How has being in London affected your approach to music and art?
I’ve been in London for eight years. The last time I was in Singapore was three years back. London is a very inspiring place. I hung out with a lot of artists and musicians, most of whom were my good friends who run foundations and galleries. Being around them most of the time exposed me to a lot of art shows and I was like a sponge, constantly taking in all the inspiration around me and firing myself up. That’s what happens when you’re in place with so much history.
You were in the advertising world for 16 years. What made you want to leave that behind to pursue art?
It felt like a natural progression – I was always creatively hungry. If it was not art, it was music or film. When I was in Singapore, I was always making music whenever I could, with no thought of it being a means to an end. I started painting three years ago after I went through a divorce; living alone gave me the urge to start out of the blue.
I have no prior experience in art but I love going to museums a lot. In London, I went to a lot of well curated shows and I was impressed with the abstract impressionism in Vienna. Another show that impressed me was the Alexander McQueen show I went to called Savage. All the rooms were decked out to reflect different eras of his work. I was completely blown away.
It’s know that you’re a fan of the AbEx movement. What drew you towards it?
It was the simplicity and boldness they portrayed, which provoked a lot of feeling. For example, you have to see a Rothko show. It’s like walking into someone’s soul. The lights are dim and there are huge blocks of colour everywhere. I usually only get a stir of emotion from listening to music, but I would never imagine that, art, which is 2D, would invoke the same emotions.
You were involved in Construction Sight and Guerrilla, two pivotal underground movements in Singapore. What do you remember about the early days?

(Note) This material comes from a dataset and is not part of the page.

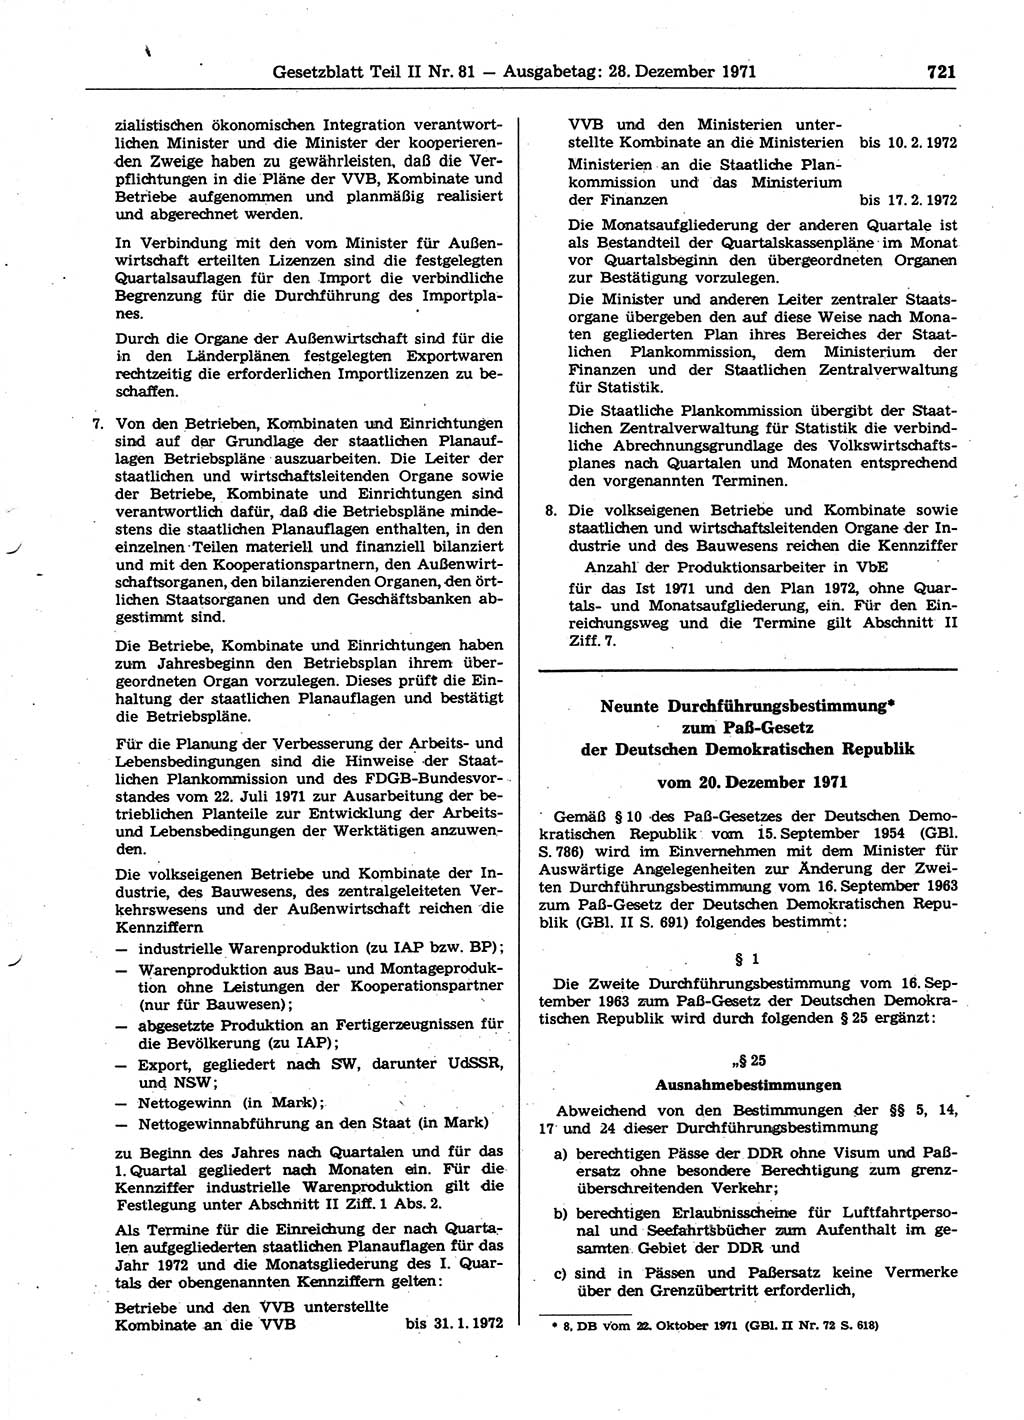 Gesetzblatt (GBl.) der Deutschen Demokratischen Republik (DDR) Teil ⅠⅠ 1971, Seite 721 (GBl. DDR ⅠⅠ 1971, S. 721)

I was so sold into the fact that I was a rapper. I thought I was the shit, you know? Back then, hip-hop wasn’t a thing in Singapore and it was easy to be famous. At the time, there was like one music shop which sold albums with the “Parental Advisory” sticker; it was still very underground. When Sheikh Haikel and I came on to the scene, we brought that swag which people picked up and it caught on quickly because it was something new and different. But even when I DJed, I naturally wouldn’t play the hits or the familiar stuff.

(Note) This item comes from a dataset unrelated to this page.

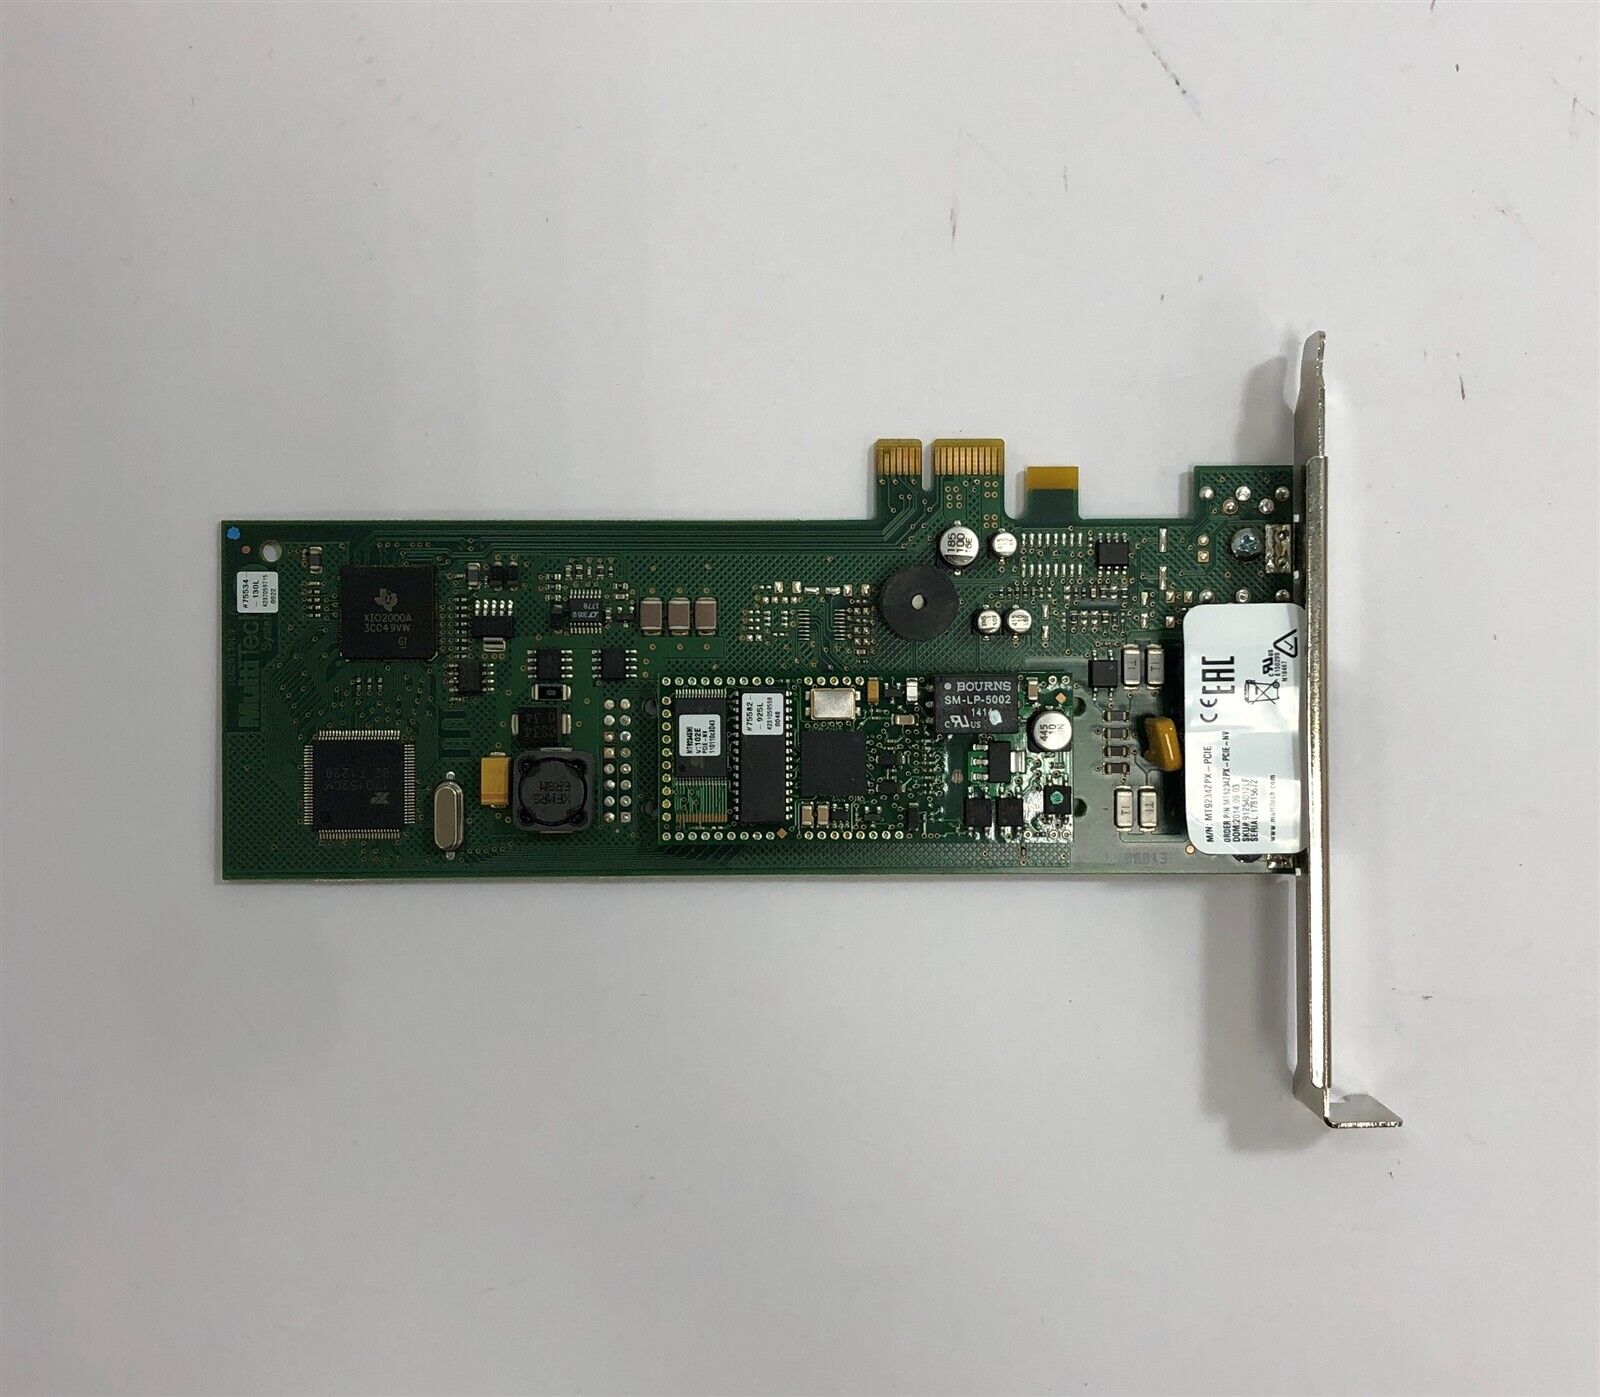 MultiTech MT9234ZPX-PCIE-NV MultiModem ZPX 56Kb/s Modem Card

Why copy what’s already there when being original is its own reward?
And that was your mantra with Guerrilla as well?
The main motivation was doing what we loved. It wasn’t for recognition or money. We were just looking for places to perform, like clubs that were closing down and not worrying whether people were going to come. We would all get together and organise parties. There was this garage in Nassim Hill where a lot of artists would come together and we would DJ. We were the first to introduce underground parties as they were unheard of back then. Singaporeans are always hungry for something different, so they were very well-received and things took off from there.
You see, originality and drive are everything. For culture to thrive and evolve into something better than what came before, those are the two main ingredients. Or else, all you’ll have is stasis.

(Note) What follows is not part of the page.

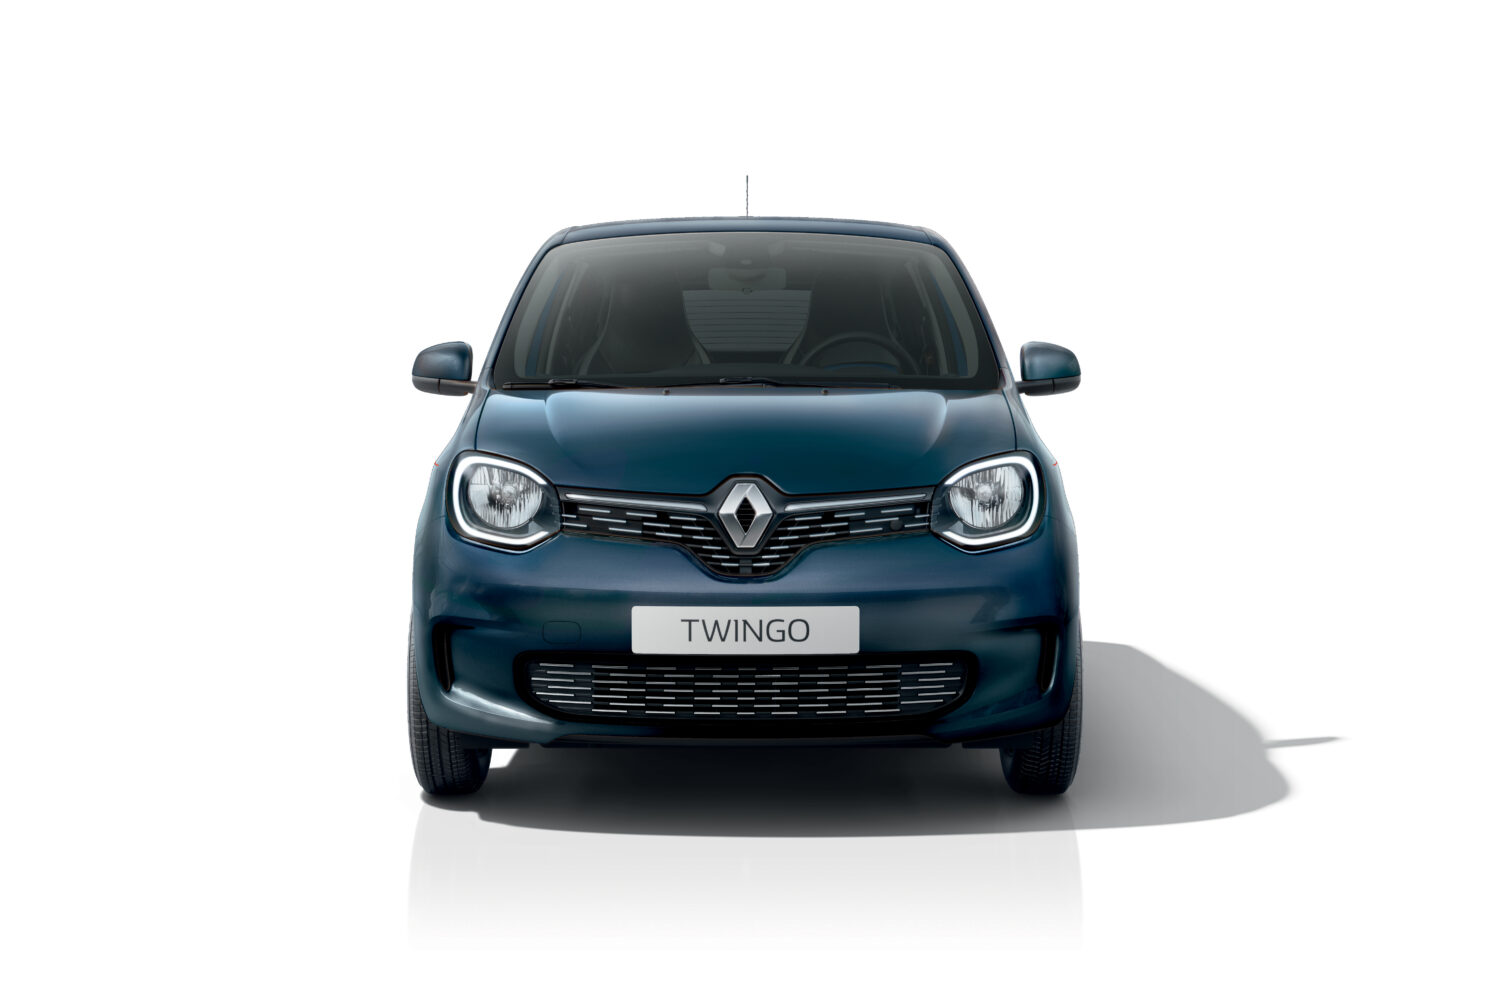 2020 - Renault TWINGO SIGNATURE

What was it like navigating the authorities, back then?
Back then, it wasn’t considered art. It was more of a performance. We were bundled in with the other musicians like Cake and Fann Wong, who were more pop-sounding and we took advantage of the situation. But one day, after performing at a shopping mall, I realised that it wasn’t what I wanted. So I decided to go to design school.
Lastly, what keeps you motivated and interested about art and music now?
The idea of unknown space. It's the creative aesthetic of it that drew me to it. A lot of other people are usually interested in something familiar because it’s comfortable. But I was always drawn to things that are alternative. This is just a part of me; it’s a very subconscious mindset. When I got out of Singapore, I realised that the music I created sounded like something familiar and I hated it. I always try to push the boundaries and put myself more into my work.